Officials have said the traffic calming measure is needed in Plymouth to save lives, but fuming critics have branded it a “cash cow”
A single speed camera caught 1,100 drivers in 24 hours on the first day it was introduced.
Officials have said the traffic calming measure is needed in Plymouth to save lives, but fuming critics have branded it a “cash cow”.
More than 23,500 motorists were caught out during an eight week test period – a figure branded “troubling” by a police chief.
From this week those caught face being sent on a speed awareness course in most cases, Plymouth Live reports, although some could be given £100 fines and three points.
The new camera has split locals, however, with some lashing out at the measure.
Carl White, who owns a cafe café owner near Old Laira Road, where the camera was place, branded it a cash cow.
He told Silver Screen Beat Online : “It is an absolute nightmare, the limit is dangerously slow.”
Mr White added: “I think they are doing all they can to rob people.”
But not everyone agreed, with Al Stewart, who lives next to the camera, saying neighbours “love it”.
He said: “The main thing is the noise, everyone on the street loves how much quieter it is.”
The bi-directional speed camera system on Old Laira Road has been installed by Plymouth City Council following a consultation carried out last year.
Residents told the council they would rather see an average speed system in place than traffic calming measures.
Supt Adrian Leisk, strategic roads policing lead for Devon and Cornwall Police and chair of the Vision Zero enforcement activity group, said: “The results from the cameras’ test period are really troubling and drivers are obviously ignoring the clear 20mph signs in that area.
“Speed is a big contributory factor in serious collisions.
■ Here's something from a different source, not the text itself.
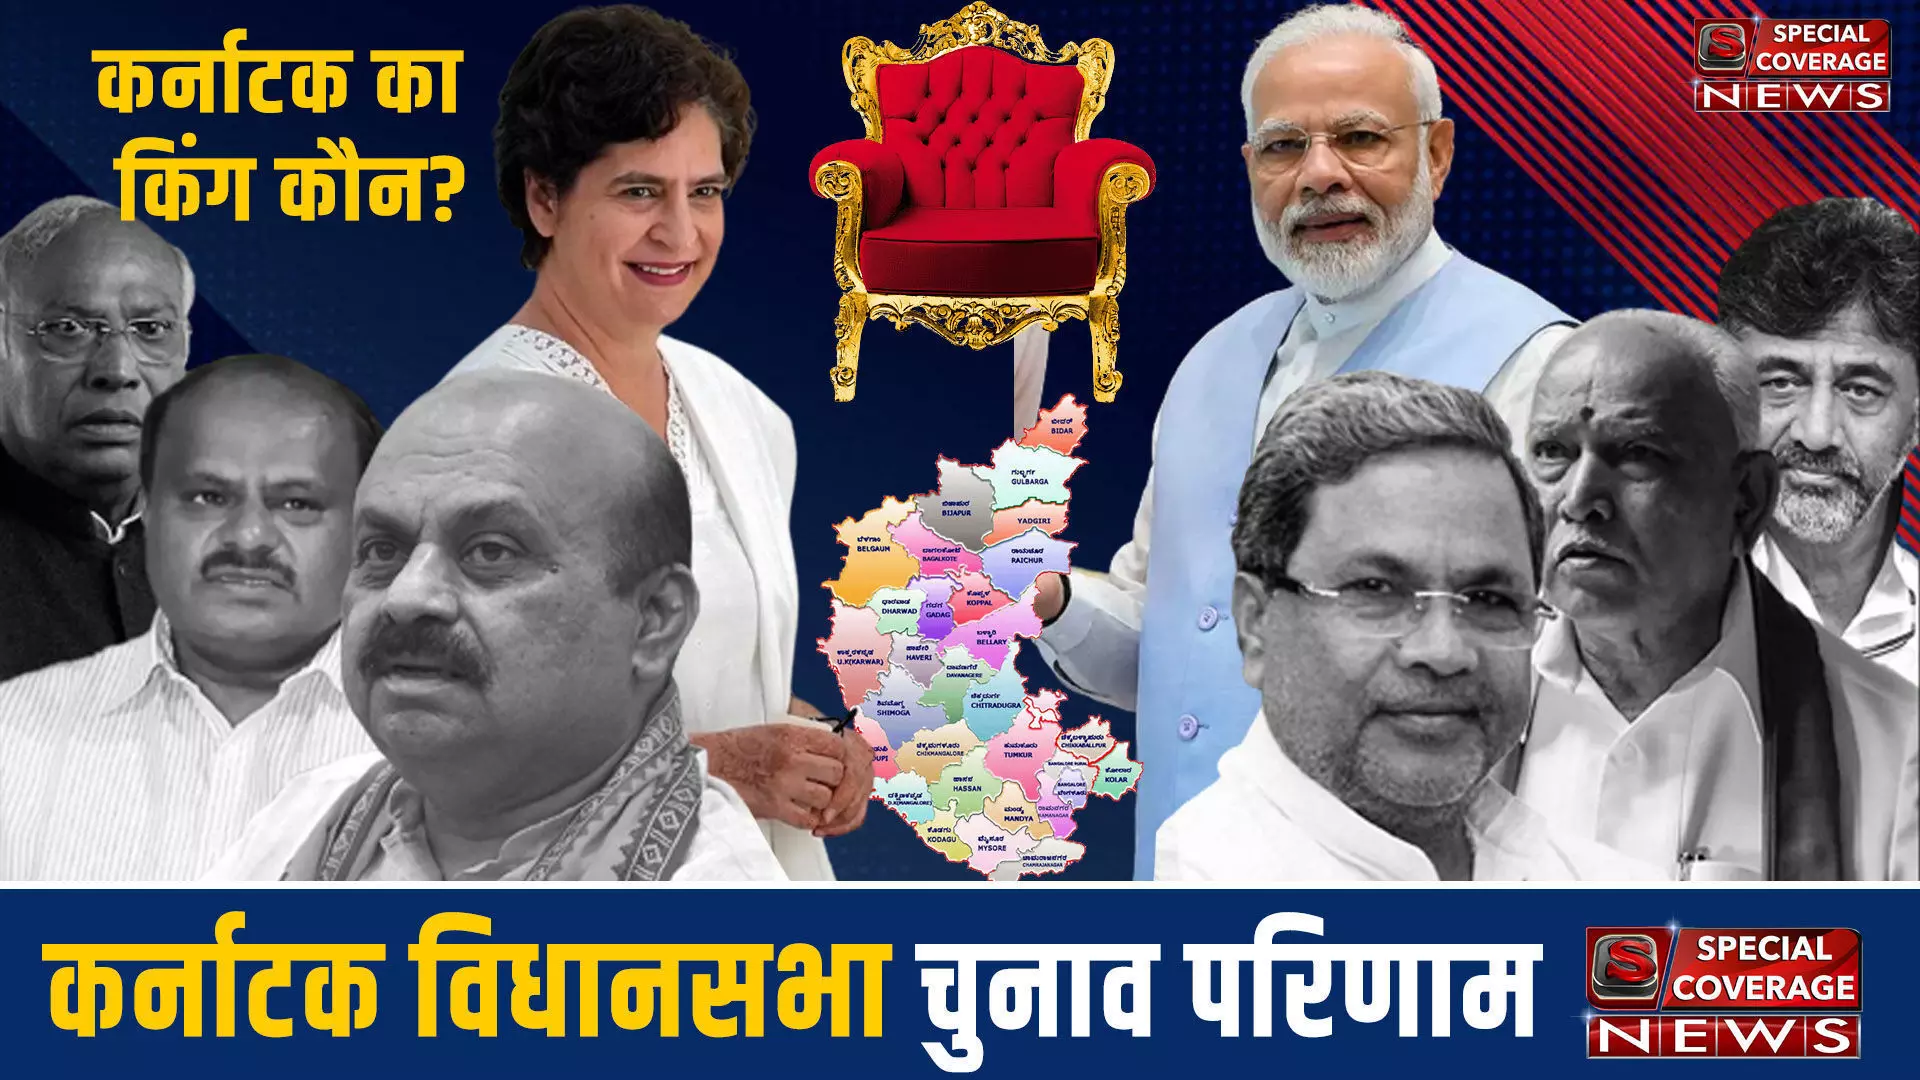 Karnataka Assembly Election 2023: कर्नाटक के दक्षिण कन्नड़ जिले की विधानसभा सीट के चुनाव परिणाम 2023
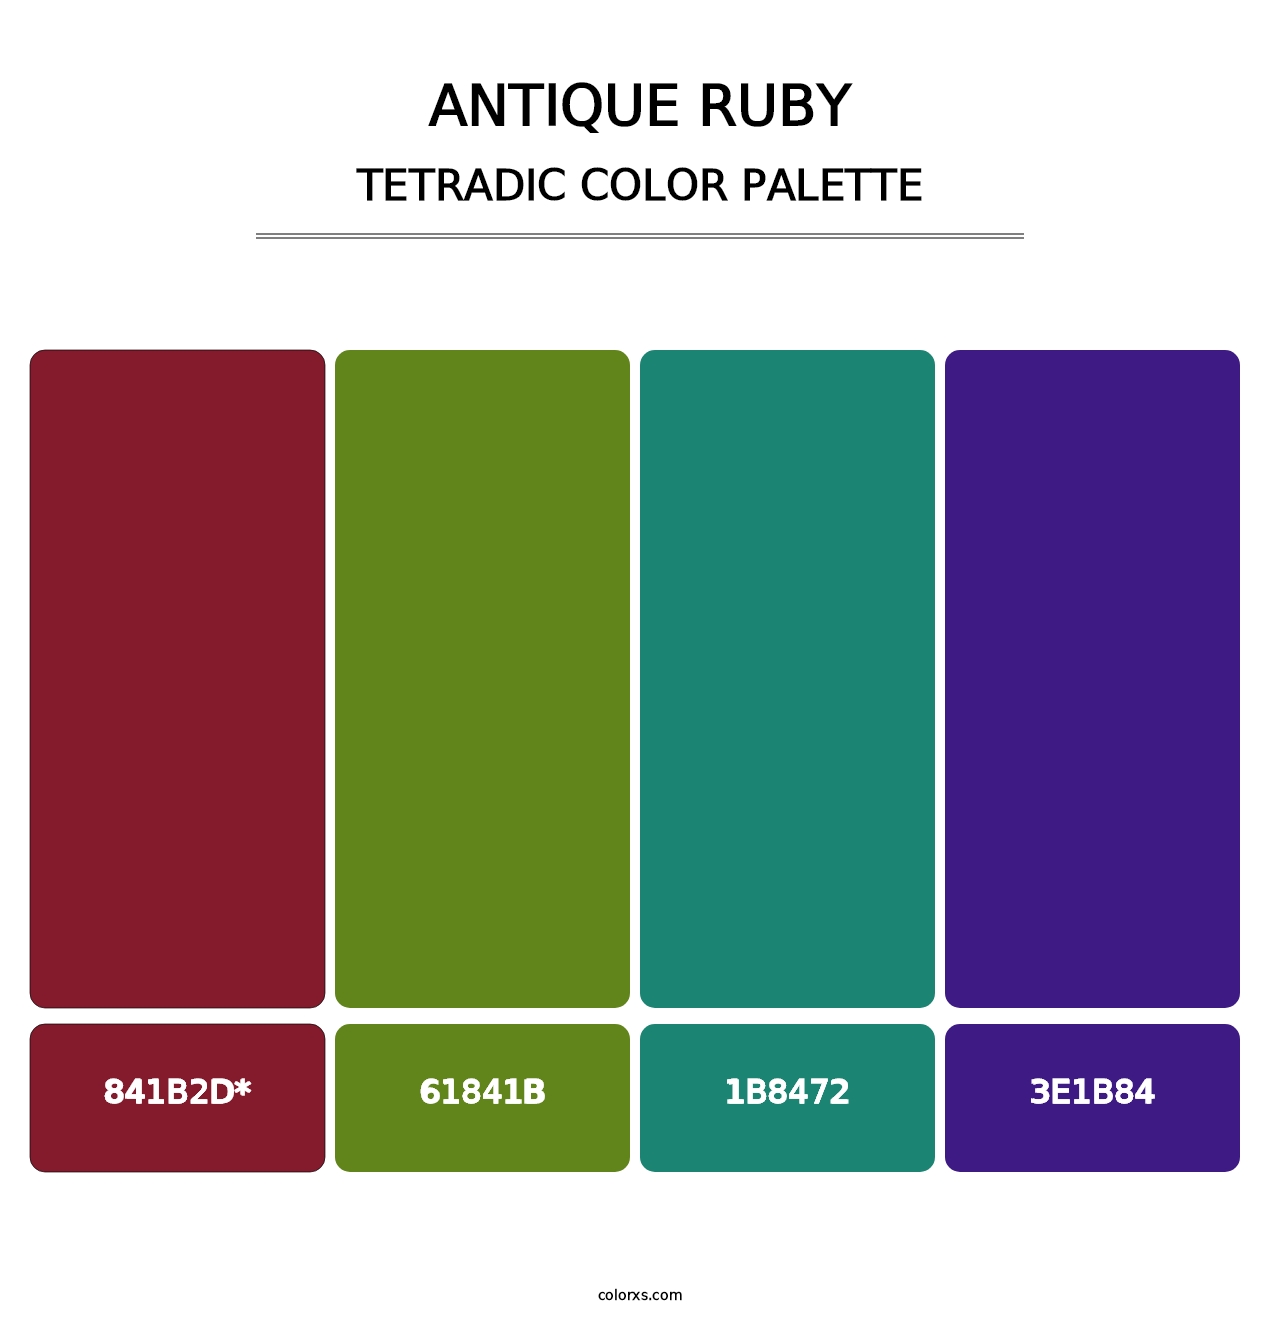 Antique Ruby - Tetradic Color Palette

Travelling too fast both reduces the time in which a driver can react and increases the risk of serious or fatal injuries in the event of a collision.”
A spokesperson for Plymouth City Council added: “We consulted with residents at the end of last year about extending the existing 20mph speed limit. They told us they did not want the traffic calming measures we had put forward, but instead wanted average speed cameras. We listened, redesigned the scheme and secured the extra funding needed.
“This scheme is about keeping people safe on a very busy narrow road. Keep your speed down and you won’t get fined.”
The camera uses ANPR to identify vehicles and calculate their average speed between different camera locations. The camera is capable of working in all weathers and at vehicles’ maximum speeds.